- U.S. settlement over Iran, Sudan controls seen in coming weeks
- Accord said to involve deferred-prosecution agreement
Credit Agricole SA is poised to pay as much as $1 billion to U.S. regulators to settle allegations that it violated U.S. sanctions aimed at Iran and Sudan, according to a person briefed on the matter.
Negotiations between the French bank and U.S. regulators continue and the total amount isn’t final, the person said. The settlement would involve a deferred-prosecution agreement with the Justice Department and could come within weeks, according to the person, who asked not to be identified because the discussions are private.
Foreign banks have been increasingly eager to cooperate with U.S. prosecutors since last year when BNP Paribas SA agreed to plead guilty and pay almost $9 billion for violating bans on doing business involving Sudan, Iran and Cuba. Earlier this year, Commerzbank AG entered a deferred-prosecution agreement to resolve allegations that it violated U.S. sanctions laws against Iran. The bank paid $1.15 billion to settle that matter and an additional $300 million for violations related to money laundering.

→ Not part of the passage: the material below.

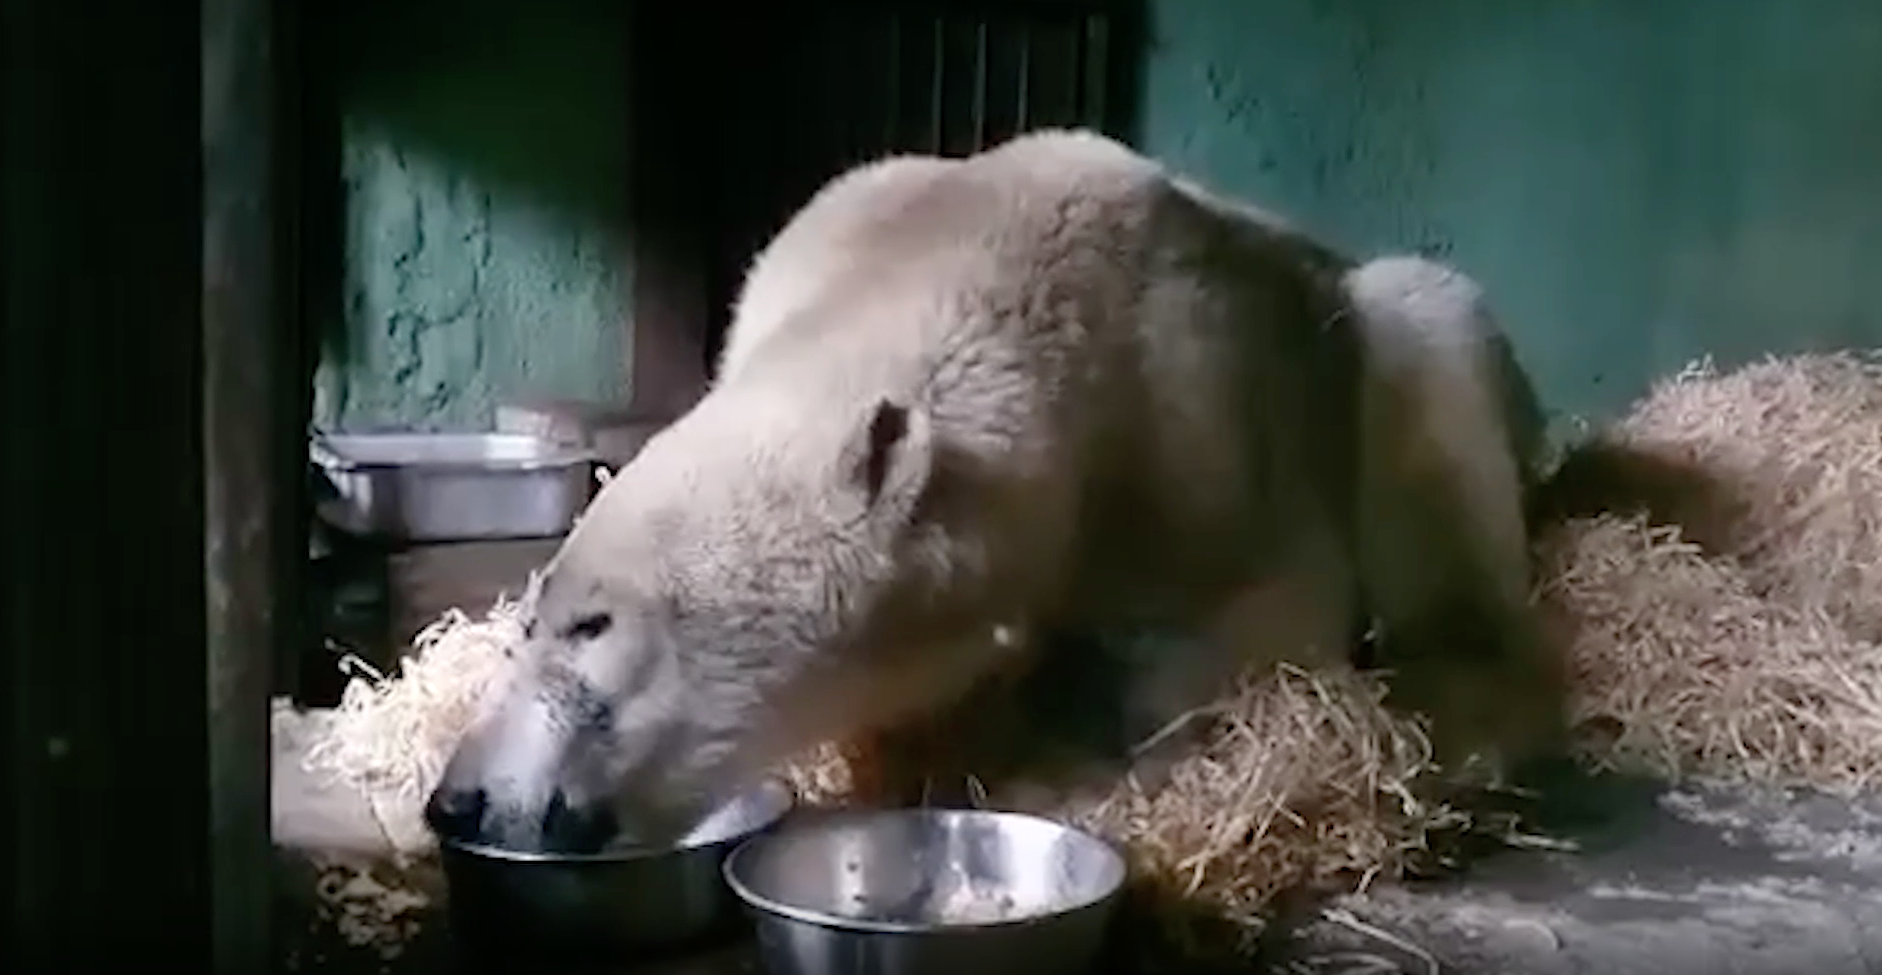 Спасённый на Диксоне раненый медведь развеселил сотрудников зоопарка водным шоу перед КТ
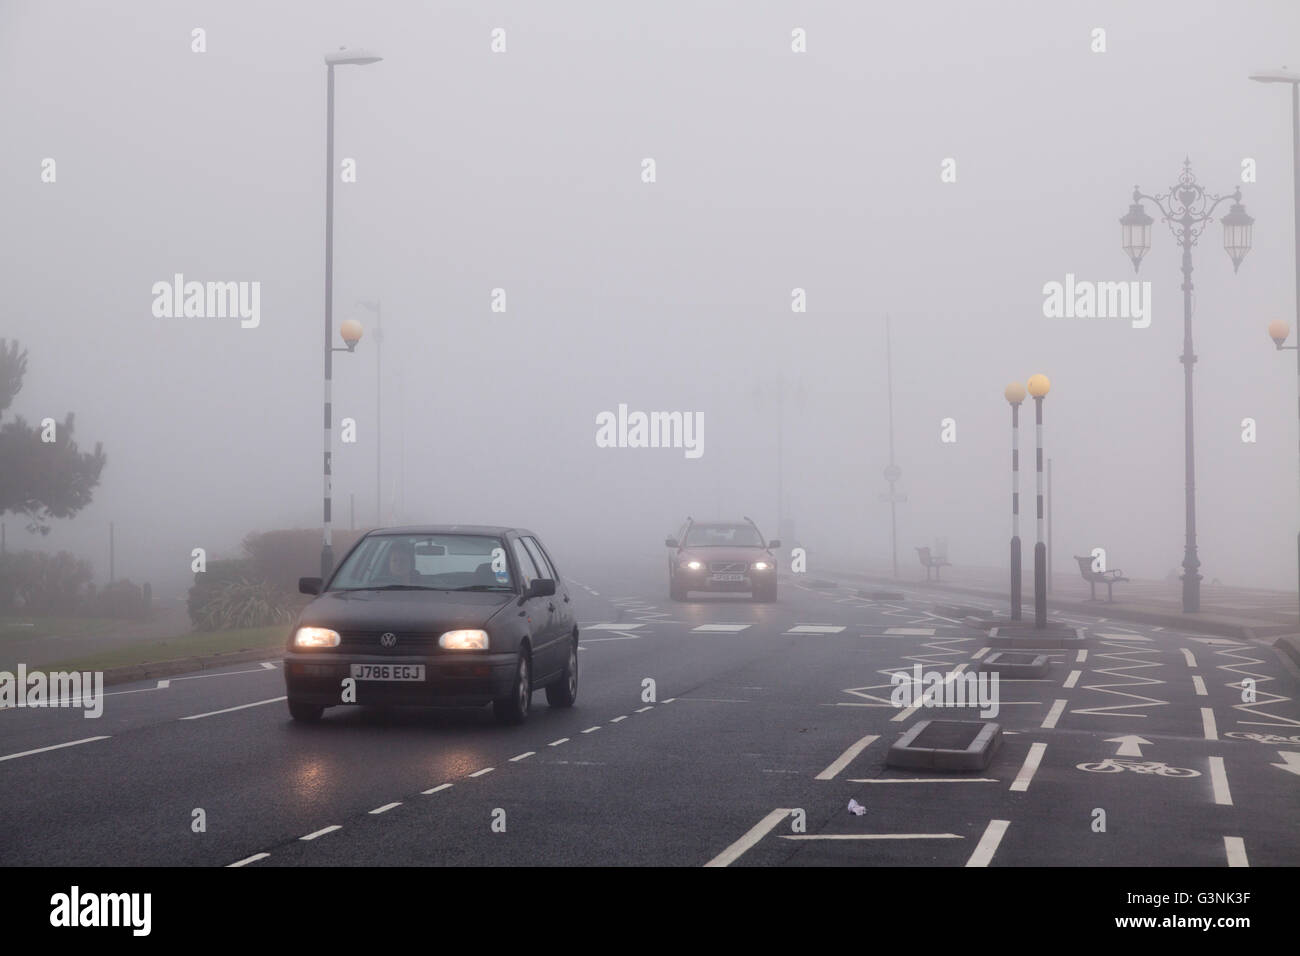 Le automobili in ambiente urbano con la segnaletica stradale orizzontale su un nebbioso giorno con luci di posizione accese, Portsmouth, Hampshire, Inghilterra Foto Stock

“There seem to be no guilty plea and Credit Agricole’s penalty would be at a much lower level compared with BNP’s,” said Karim Bertoni, who helps manage more than $6 billion at Bellevue Asset Management in Switzerland. “It’s a one-off that actually provides visibility and the bank can move on.”
Credit Agricole fell 0.6 percent to 11.78 euros by 10:07 a.m. in Paris trading, giving the lender a market value of about 31 billion euros ($34.7 billion). The benchmark STOXX Europe 600 Banks Index fell 1.2 percent.
The Justice Department, the Federal Reserve and the U.S. Treasury’s Office of Foreign Assets Control are investigating Credit Agricole on the federal level. In New York, it’s being handled by the Department of Financial Services, which regulates banks, and the Manhattan District Attorney’s office, which has originated a number of sanctions violations cases against global banks.
Credit Agricole spokeswoman Anne-Sophie Gentil declined to comment. Spokesmen for the Justice Department, the Manhattan District Attorney and the DFS also declined to comment.
The bank said last month that it set aside 350 million euros for legal costs in the second quarter related to the U.S. investigation, adding that it will probably be resolved in coming months. That brought Credit Agricole’s total litigation provisions to 1.6 billion euros.
Other European lenders including Deutsche Bank AG and Societe Generale SA also remain under investigation for sanctions violations.
The settlement talks were reported earlier Wednesday by Reuters.